おもちゃを床に転がして与えっぱなしにするのは、誤飲事故の元です。遊ぶときは必ず飼い主の監視下で行い、壊れかけたら即座に没収して新しいものと交換することが、愛犬の命を守る最大の防衛策になります。
さらに、おもちゃを使って飼い主が一緒に遊ぶことは、手や家具への甘噛み抑制にも効果的です。特におすすめなのが、ロープなどを使った「引っ張り遊び」。正しい遊び方で狩猟本能を満たし、人の手を噛む欲求を代替行動へと変えていきましょう。
【甘噛みを防ぐ!引っ張り遊びの3ステップ】
ステップ1. おもちゃを動かして誘う(狩猟本能の刺激)
おもちゃを床に這わせるように小刻みに動かし、「生き物」のように見せて子犬の興味を惹きつけます。人の手ではなくおもちゃに意識を集中させることが、最初の重要なポイントです。
ステップ2. 左右に引っ張り合う(欲求の解放)
子犬がおもちゃを口にくわえたら、上下ではなく「左右」に優しく引っ張り合います。上下に強く振ると首や歯を痛める原因になるため注意してください。このステップで「噛む」欲求を存分に満たしてあげましょう。
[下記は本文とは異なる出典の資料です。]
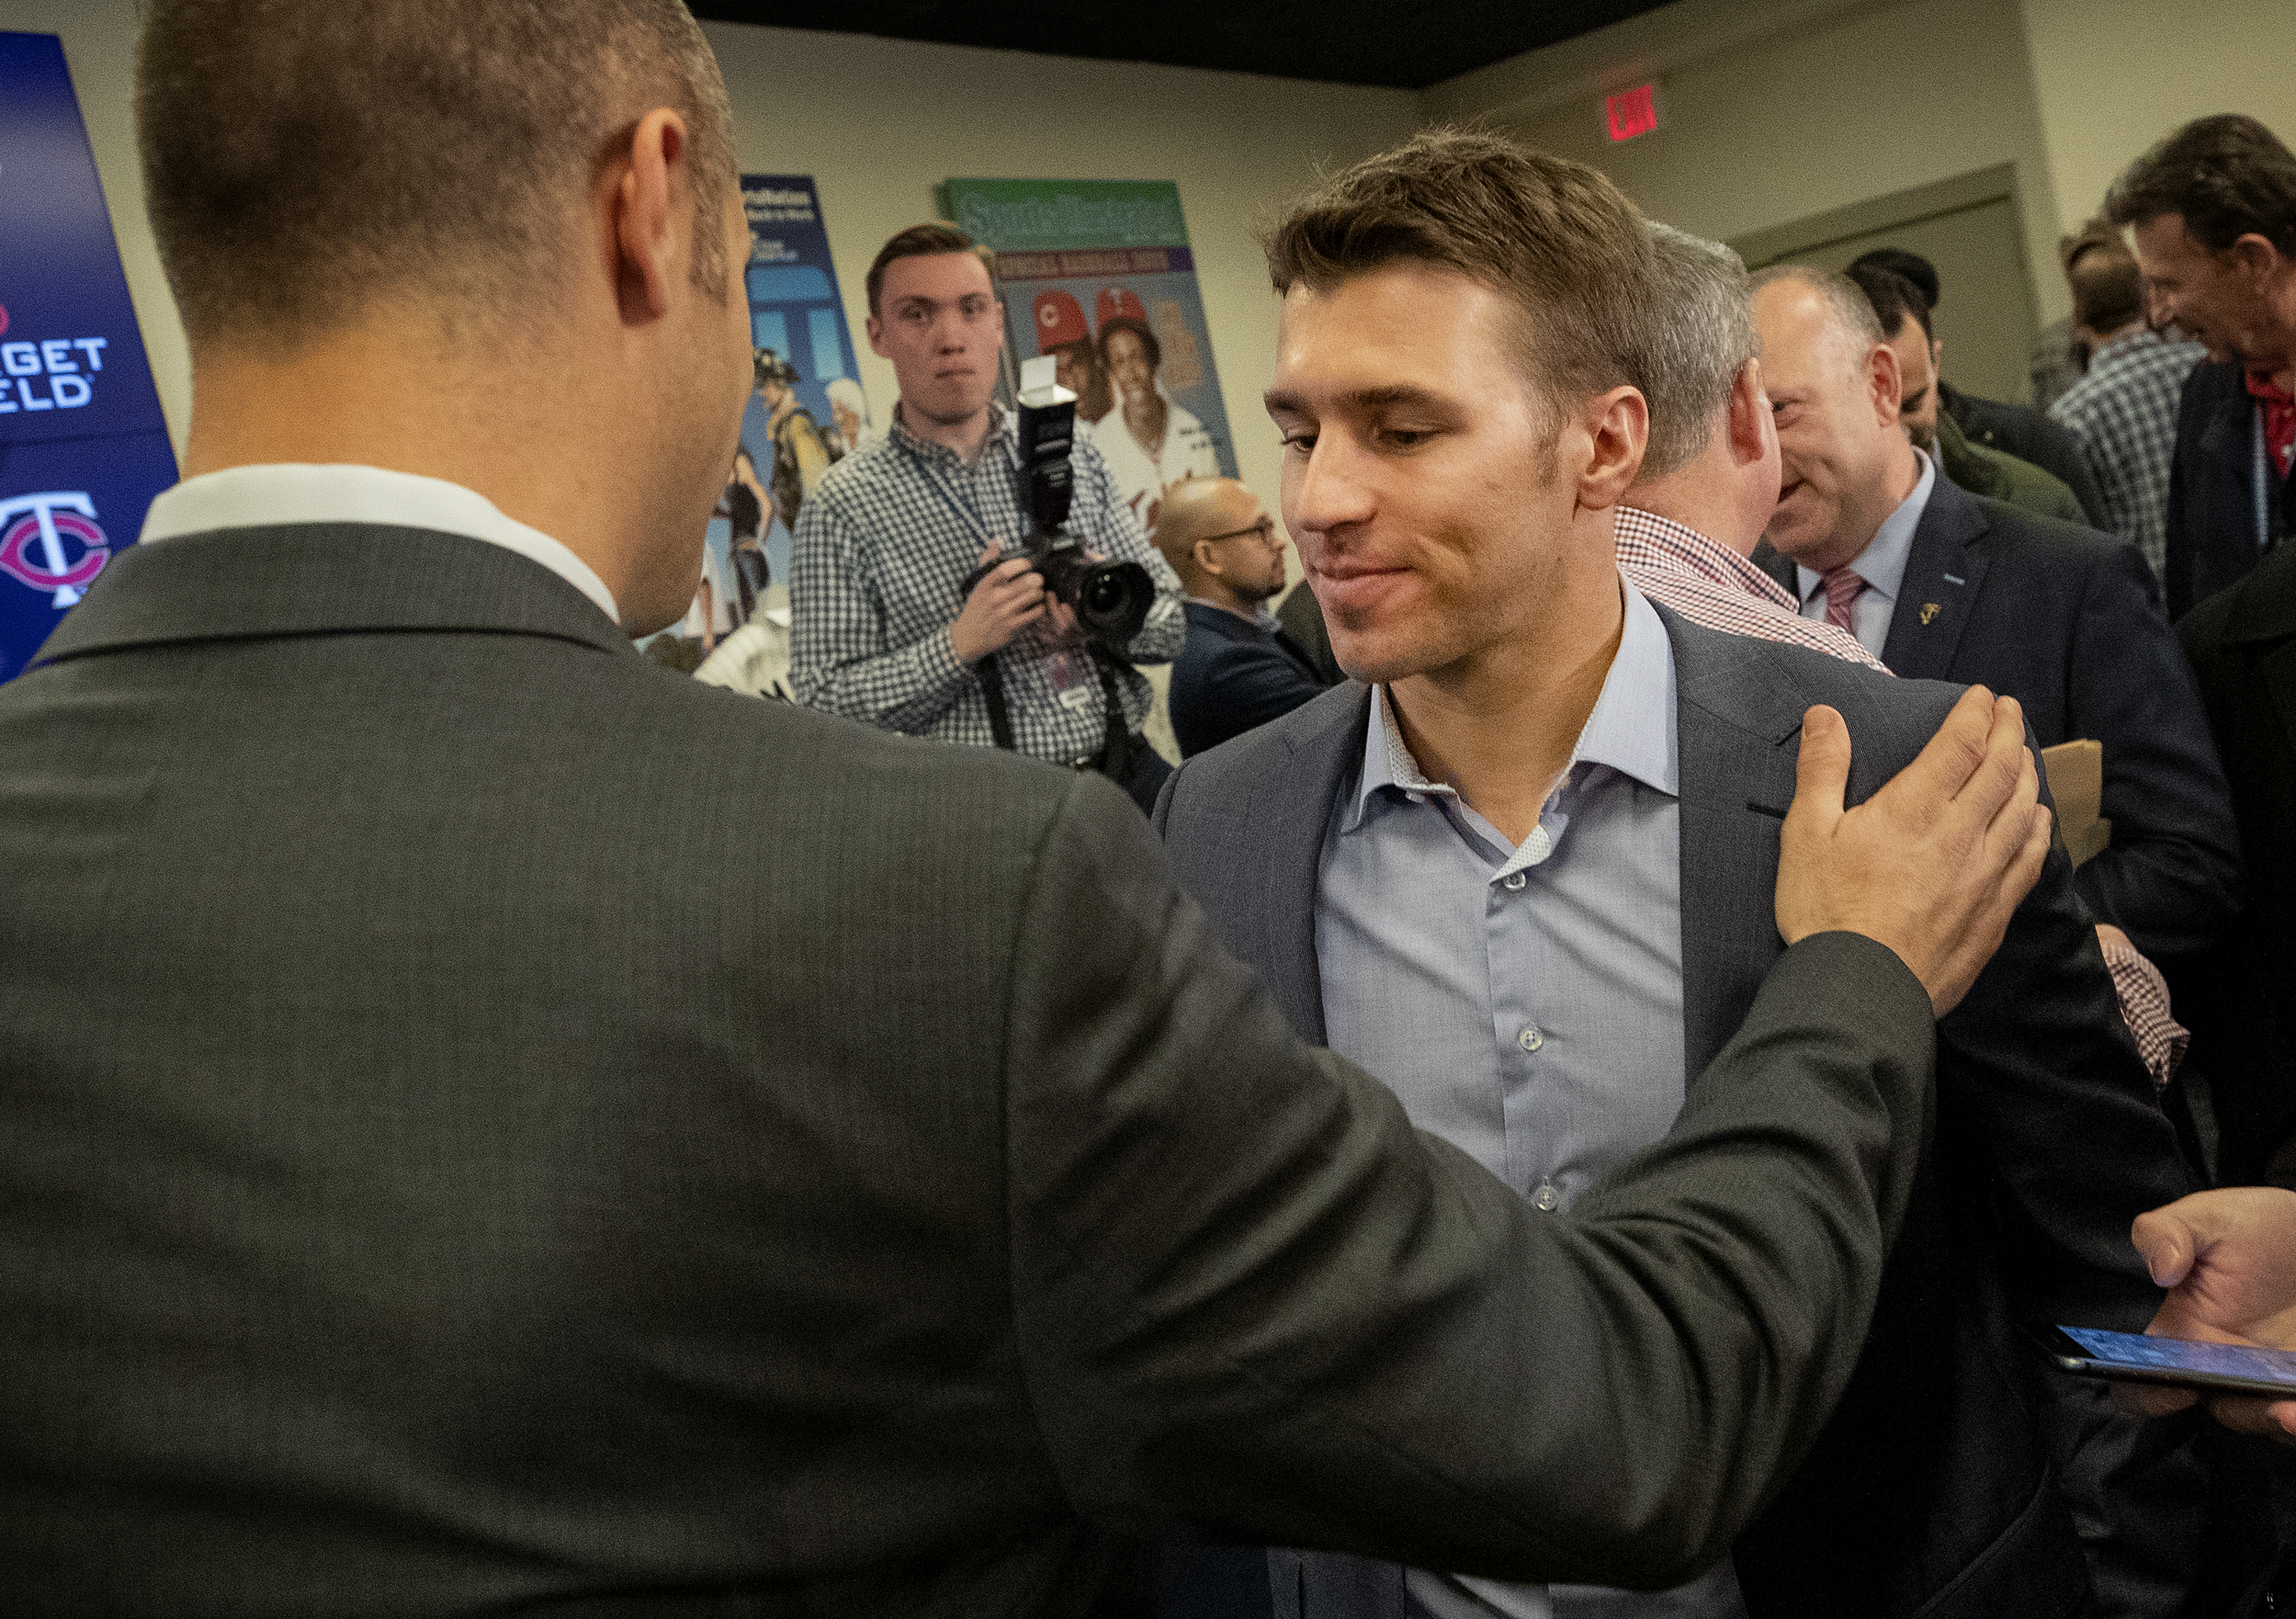 Joe Mauer was greeted by the Wild's Zach Parise after his retirement news conference at Target Field.

ステップ3. 「ちょうだい」で交換する(興奮のコントロール)
少し遊んだら、おもちゃの動きをピタッと止めます。子犬が口を離した瞬間に「ご褒美(フード)」を与え、おもちゃと交換します。「人の手を噛んで興奮し続ける」ことを防ぎ、飼い主のコントロール下で遊ぶルールを教えることができます。なお、遊びの時間は1回10〜15分程度を目安にするとよいでしょう。子犬は過度な興奮が続くと疲弊しやすいため、適切な休憩を挟んでください。
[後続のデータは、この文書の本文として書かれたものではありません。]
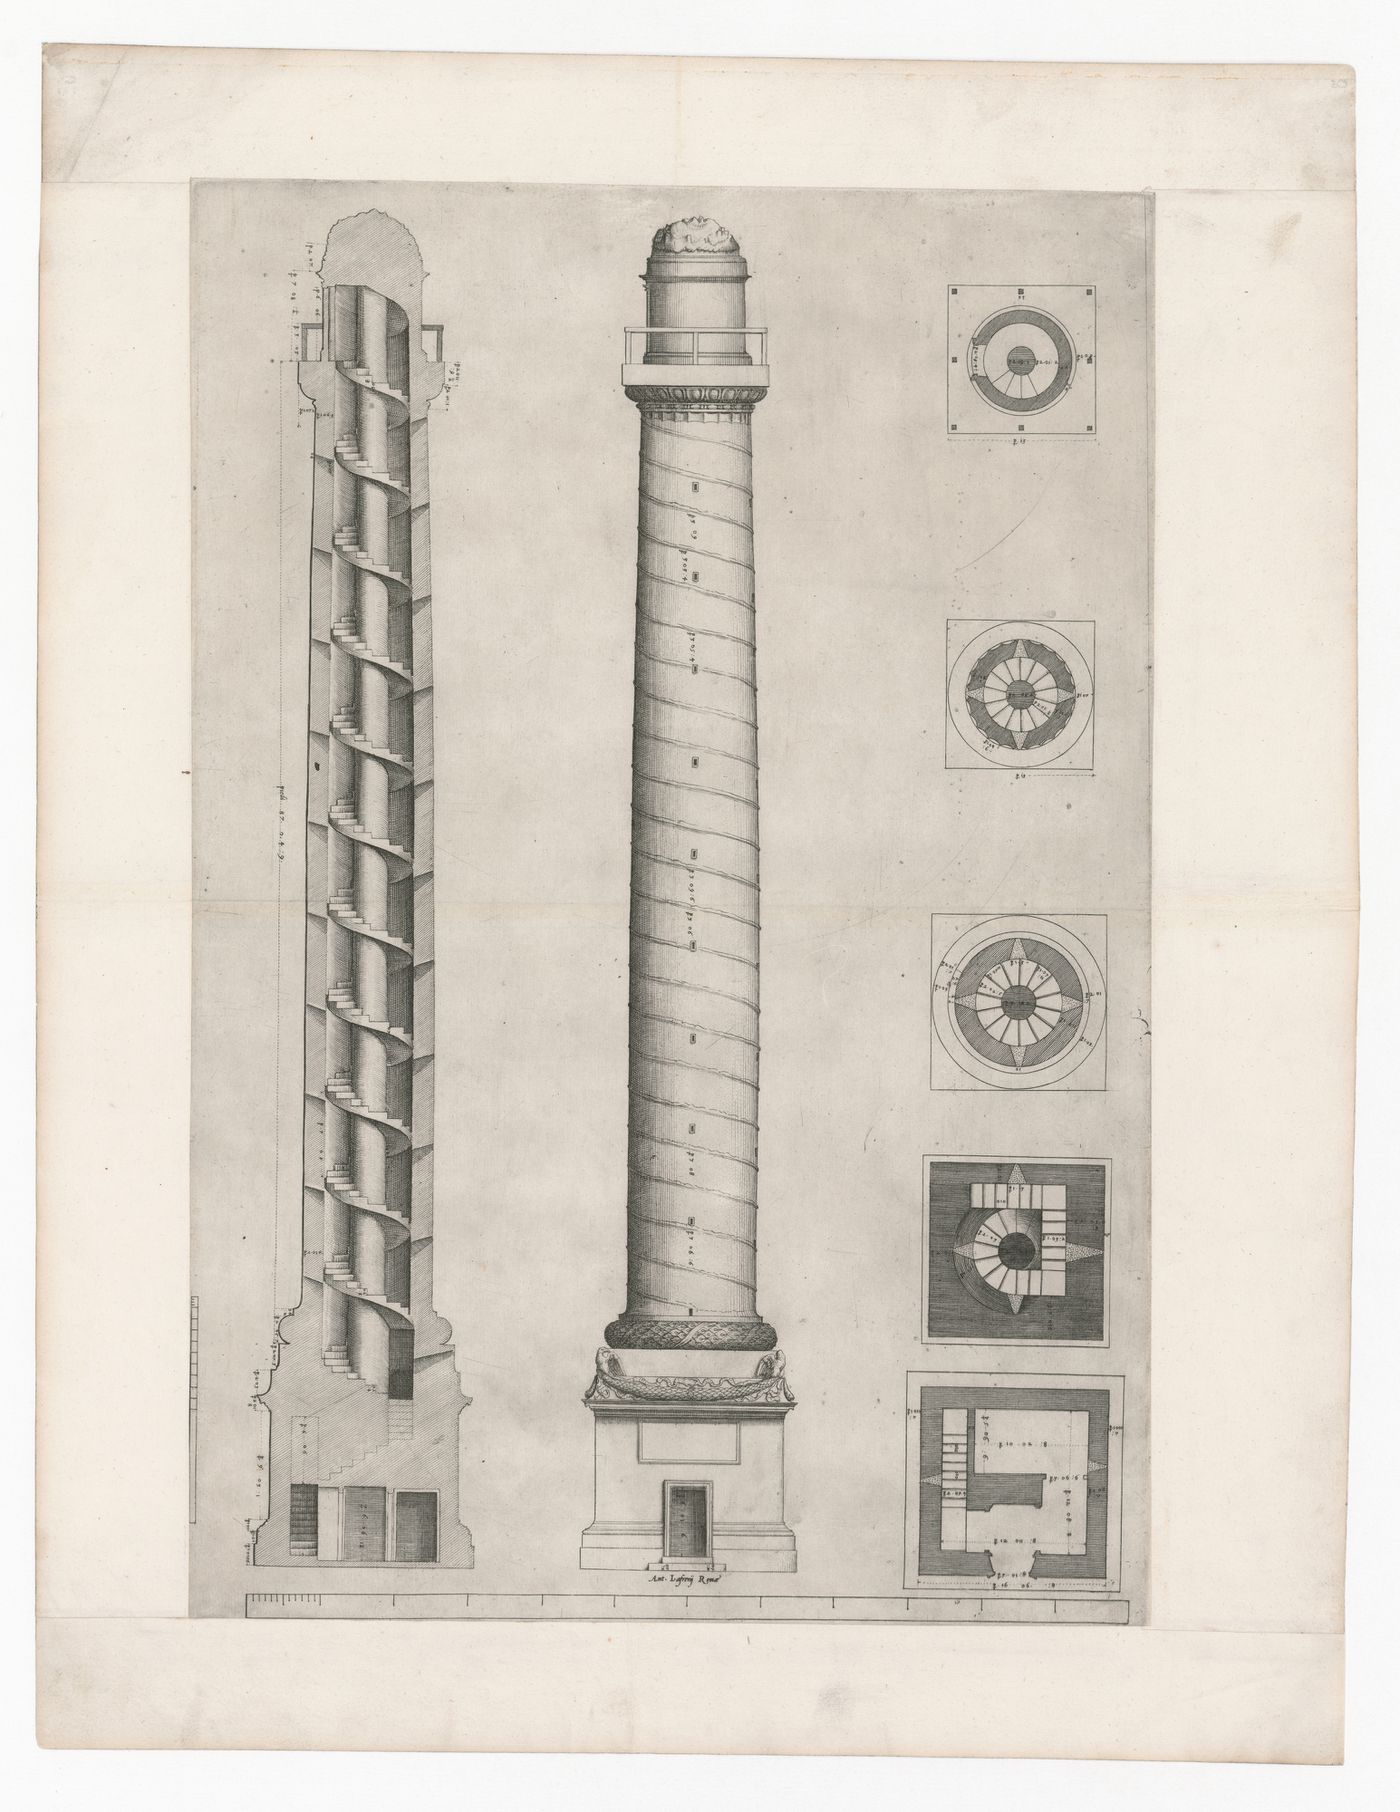 Section, elevation, and plans of Trajan's Column, Rome

まとめ:もう誤飲に怯えない!自信を持って愛犬と遊ぼう
子犬の生え変わり期のトラブルも、明確な安全基準を知っていれば確実に防げます。今日の最重要ポイントをおさらいします。
- ひづめや硬いプラスチックは歯の破折の原因になるため絶対NG。逆に柔らかすぎて千切れやすい素材も誤飲の観点から注意が必要。
- 安全な硬さは「人間の爪を立てて少しへこむ」程度で判定できる。
- 誤飲を防ぐために「犬の口の幅よりも十分に大きい」サイズを選ぶ。
- おもちゃは与えっぱなしにせず、「引っ張り遊び」で手への甘噛みを防ぎながら、破損状態を都度確認する。
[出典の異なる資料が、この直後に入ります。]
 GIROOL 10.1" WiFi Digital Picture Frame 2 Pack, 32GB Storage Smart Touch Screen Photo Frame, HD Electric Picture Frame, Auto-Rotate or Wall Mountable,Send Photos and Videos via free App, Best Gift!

あなたはこの記事を読んだことで、愛犬を危険から守るための「獣医師基準の知識」を手に入れました。ネットの情報過多に惑わされたり、留守番中の誤飲に怯えたりする必要はなくなります。
まずは今ご自宅にあるおもちゃに、あなたの「爪」を立ててみてください。硬すぎると感じたら、悲しい事故が起きる前に、安全な天然ゴム製のおもちゃへ切り替えてあげましょう。選んだ安全なおもちゃで、子犬との楽しいコミュニケーションの時間を心置きなく満喫してください。